#### [Exercise objective]
Could you restate, exactly and with nothing added, the lines from the start of the data through the line that holds "- diamonds, 32", leaving the pictures out?

#### [Data shown]
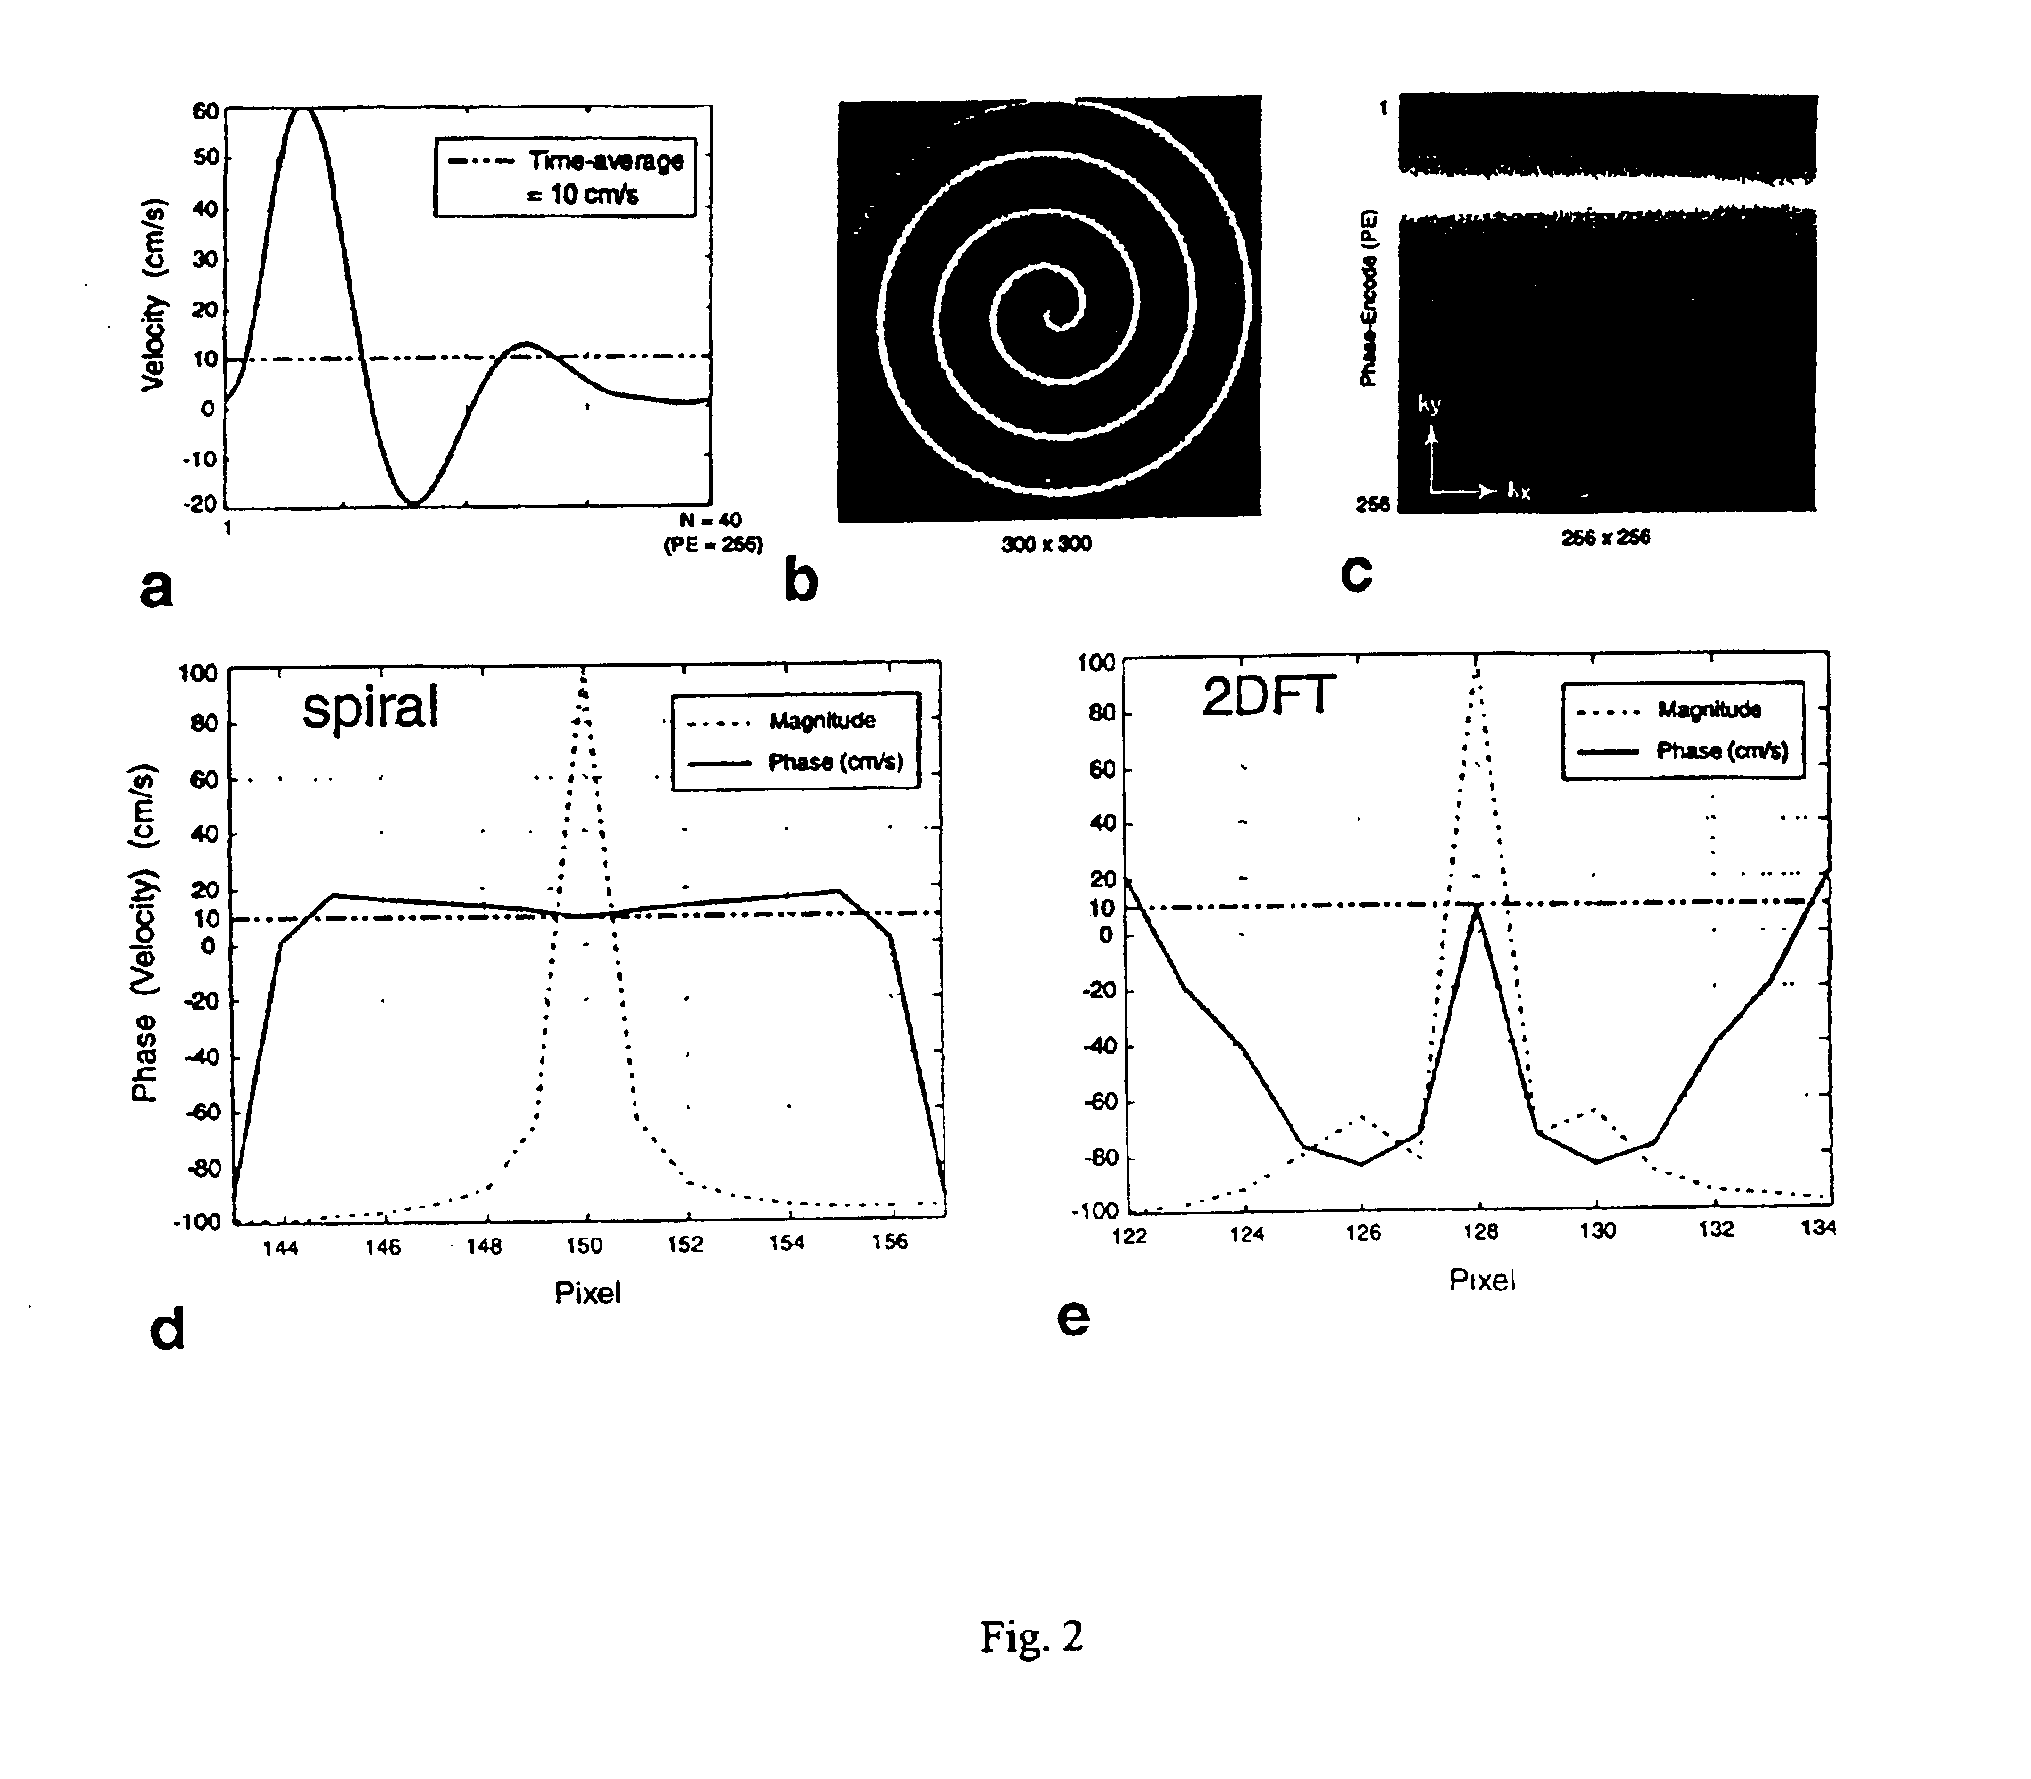 Rapid measurement of time-averaged blood flow using ungated spiral phase-contrast MRI
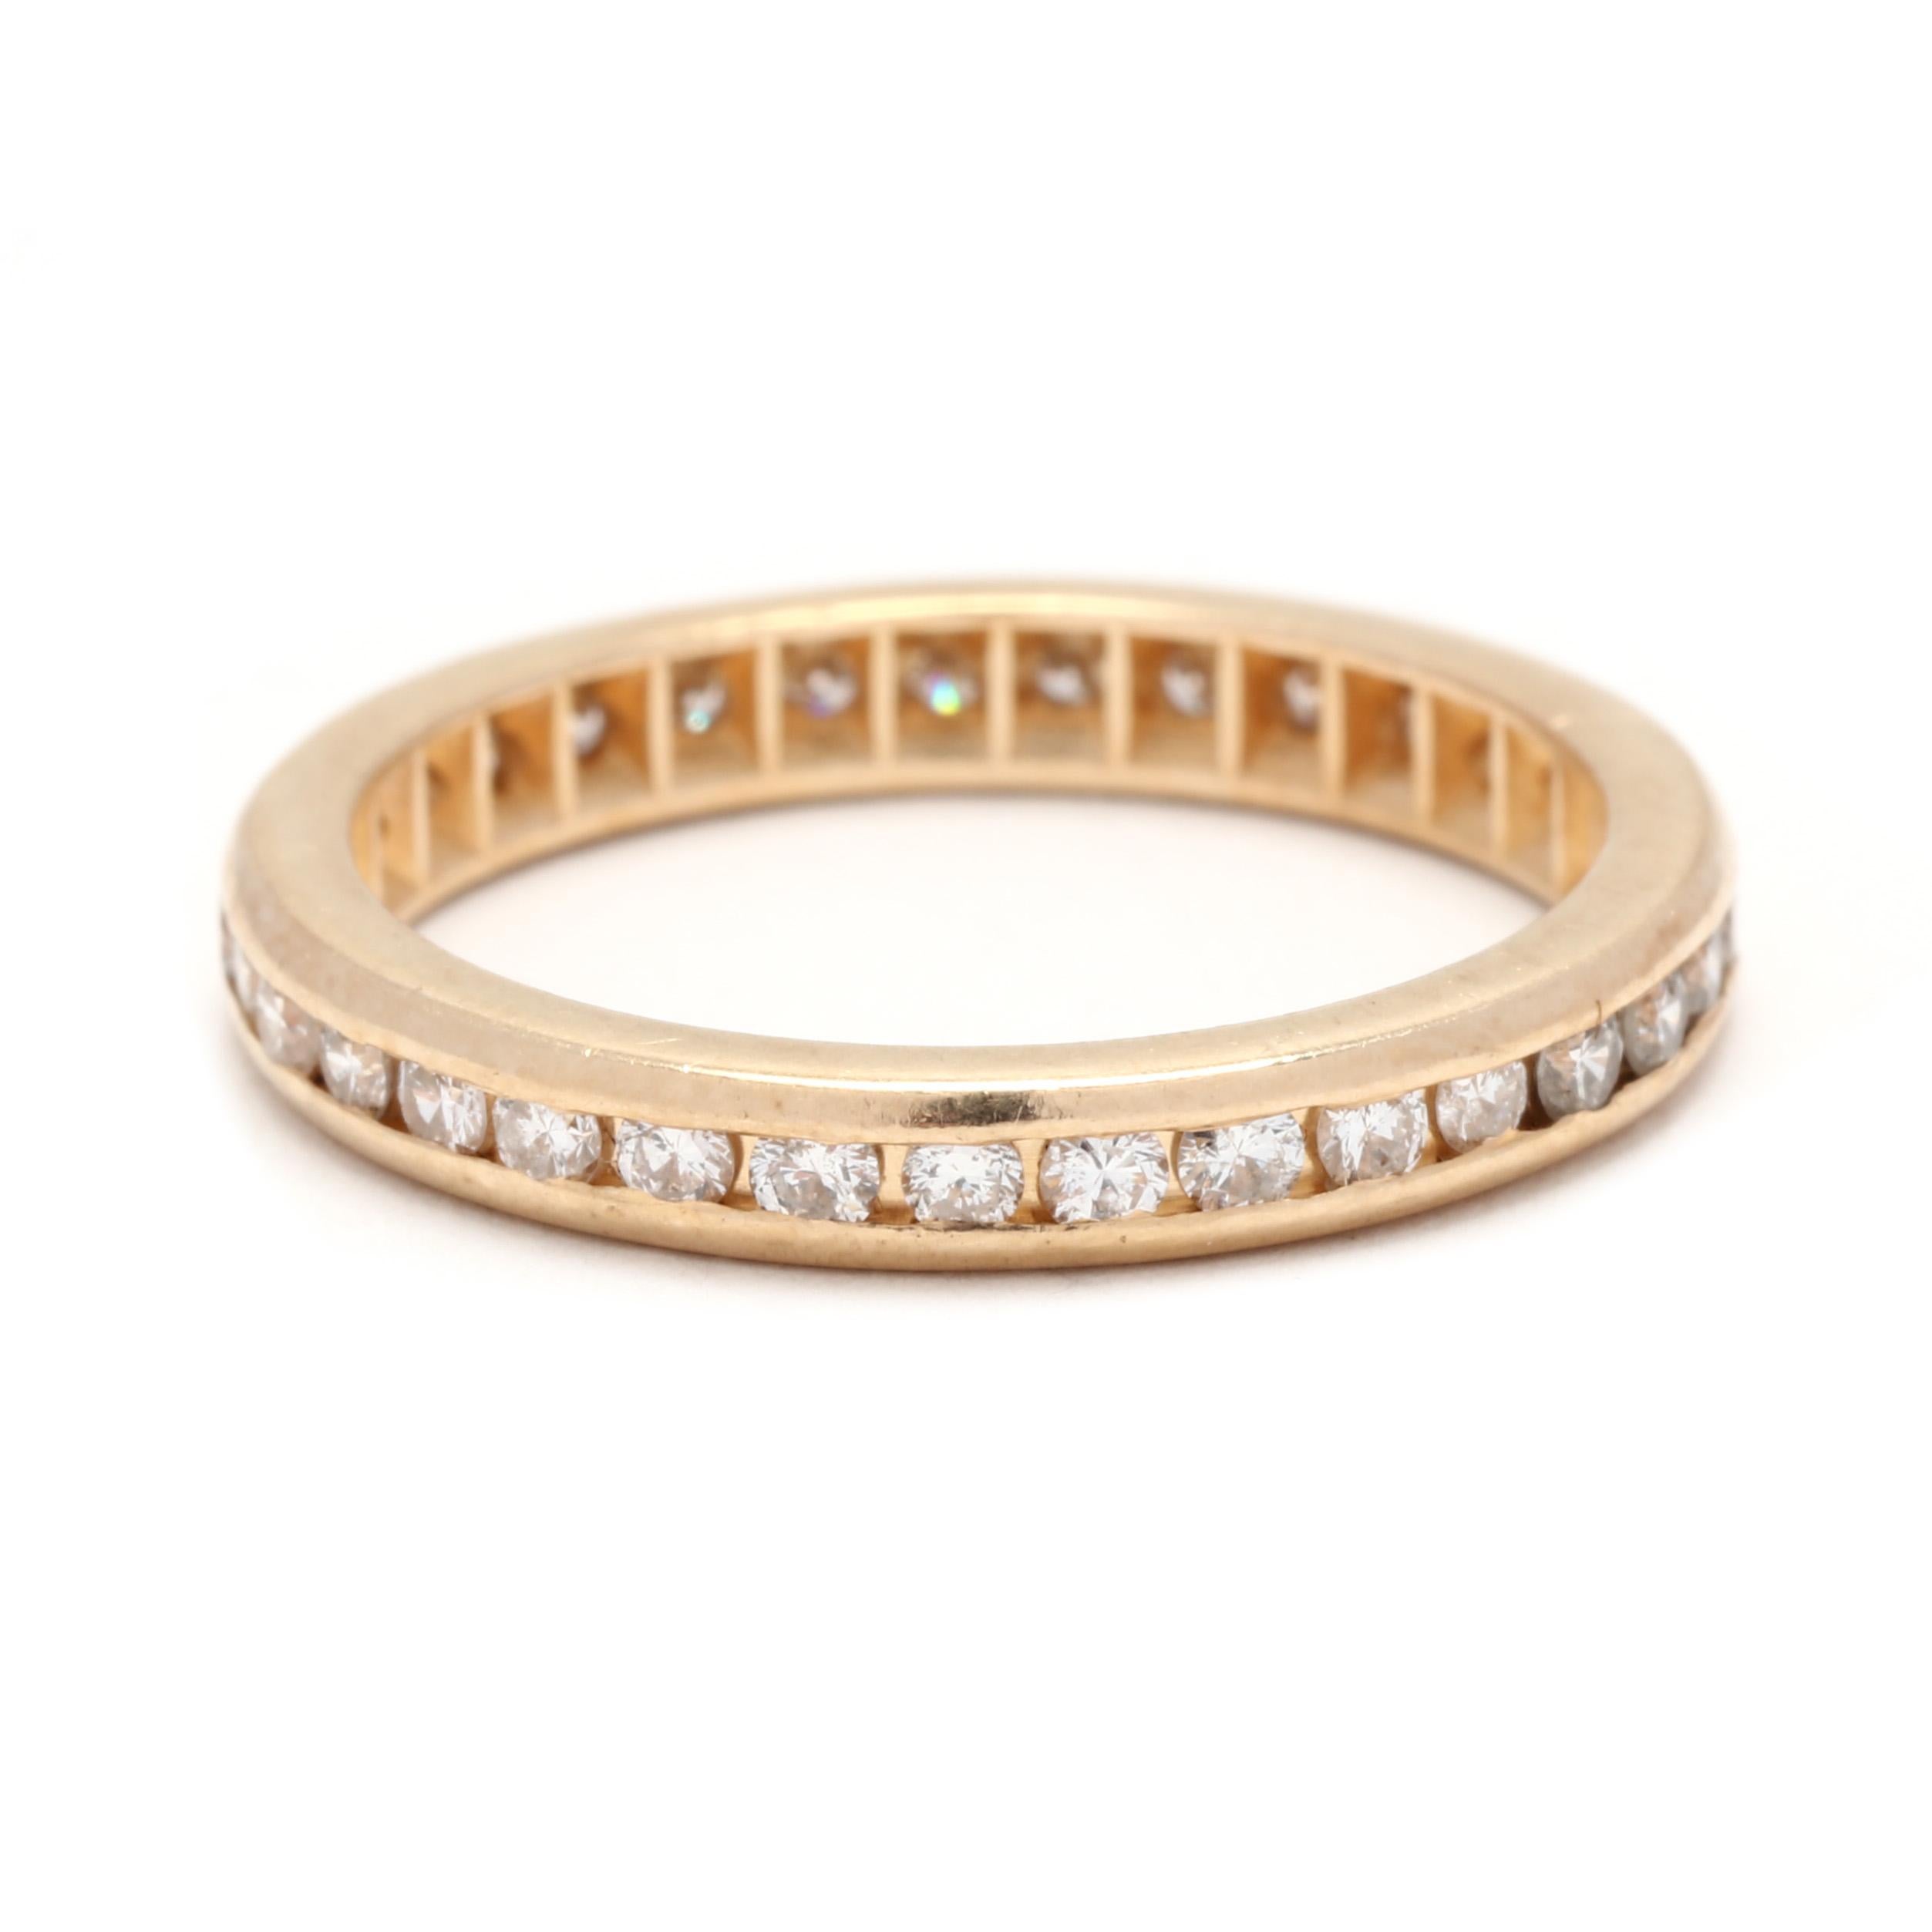 A vintage 14 karat yellow gold channel diamond eternity wedding band. This stackable eternity band features a thin eternity design with channel set round brilliant cut diamonds weighing approximately .50 total carats.

Stones:
- diamonds, 32
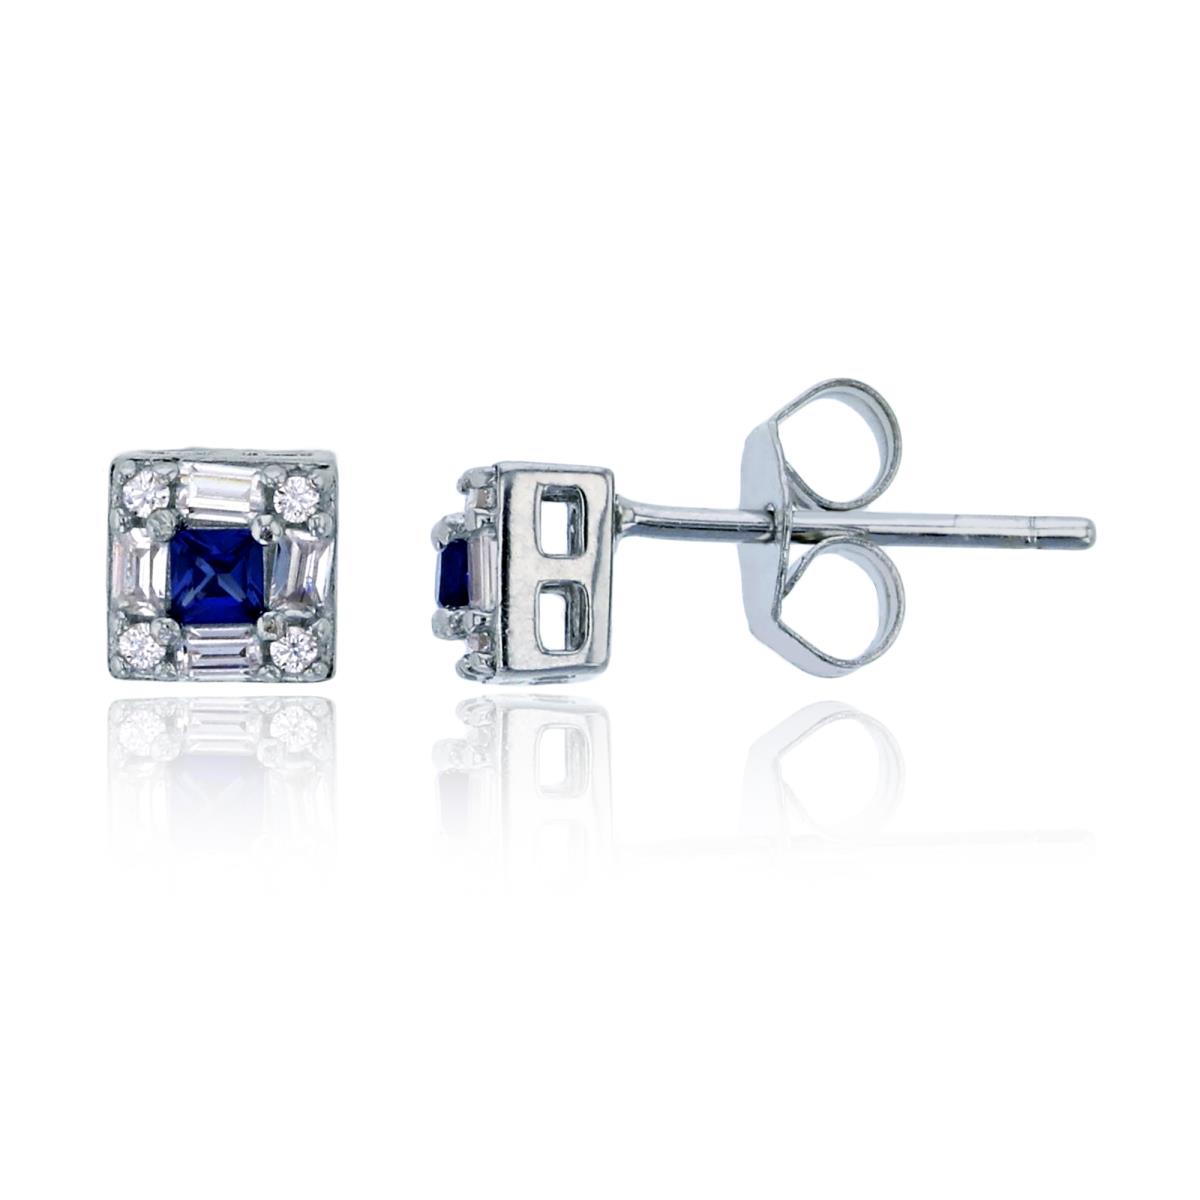 Sterling Silver Rhodium Pave 5mm White & Blue Sapphire Glass Square Stud Earring

#### [Task answer]
 Rapid measurement of time-averaged blood flow using ungated spiral phase-contrast MRI
 A vintage 14 karat yellow gold channel diamond eternity wedding band. This stackable eternity band features a thin eternity design with channel set round brilliant cut diamonds weighing approximately .50 total carats.

Stones:
- diamonds, 32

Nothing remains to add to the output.